A study conducted by the University of Bonn and published in the journal Food Security takes a closer look at the effects of European chicken exports to Ghana.

Cheap imports of chicken – mainly coming from the European Union and to a lesser extent from the USA and Brazil – have increased rapidly over the last 20 years, receiving a lot of attention in public debates about trade liberalisation, food security, and poverty. On the one hand, developing countries may benefit from cheap imports, which help to keep domestic prices low and thus improve poor people’s access to nutritious foods. On the other hand, cheap imports of chicken have long been criticised for hurting the local poultry production sector, including smallholder farmers.

“The topic is much discussed when it comes to poverty, international trade and Europe’s role in the agricultural sector in Africa,” says Prof Dr Matin Qaim of the Center for Development Research at the University of Bonn.

In Ghana, chicken meat is popular, and consumption levels are rising steadily. Nevertheless, with an average annual consumption of 9 kg per capita in 2019, consumption levels remain below the worldwide average. Imports now account for 3-quarters of the total poultry meat supply in the country.

A tariff increase or an out-right ban

Researchers at the University of Bonn and the University of Göttingen used the example of Ghana to calculate and better understand what would happen if the African country were to significantly increase import tariffs (50%) for poultry meat, or to even stop poultry meat imports altogether.

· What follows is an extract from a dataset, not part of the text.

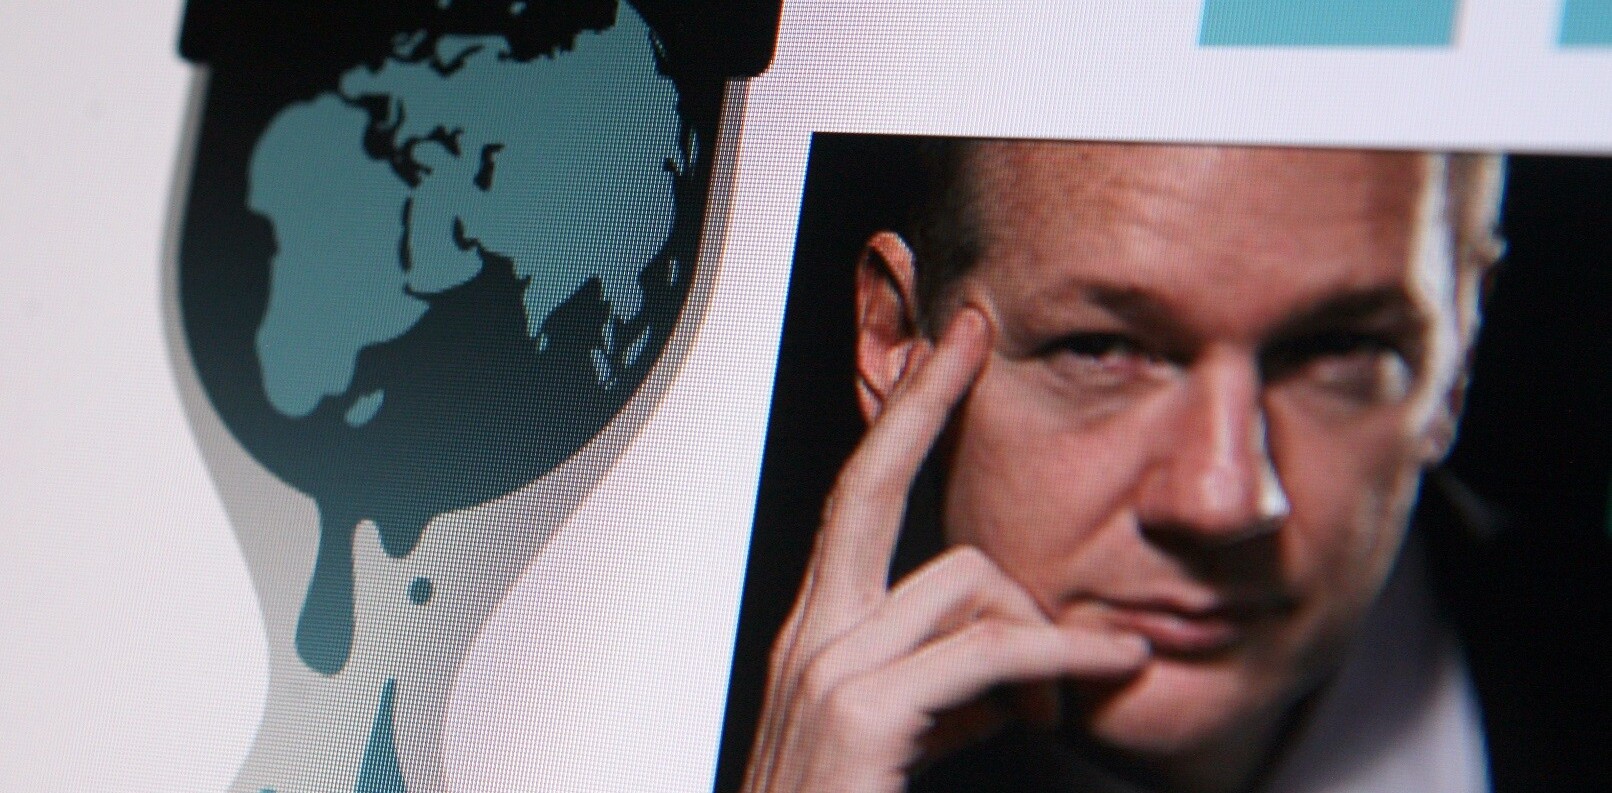 France says it has rejected an asylum application from Julian Assange

Qaim and his team report that in their study, they used nationally representative data from about 14,000 households in all regions of Ghana. They combined this data of production and consumption with a trade model. “Such a combination of micro and macro data has not been used before to study the effects of poultry imports on different populations in West African countries,” says Qaim, adding that previous case studies focused primarily on poultry producers.

The knock-on effect

Should Ghana significantly increase its import tariffs for poultry meat, domestic prices would rise. If imports were stopped altogether, local producers would get over a third more for selling their chicken. However, the researchers note that according to insights, most households in Ghana would not benefit because prices for consumers would also increase. “And there are significantly more consumers than poultry producers,” explains lead author Isabel Knößlsdorfer of the University of Göttingen.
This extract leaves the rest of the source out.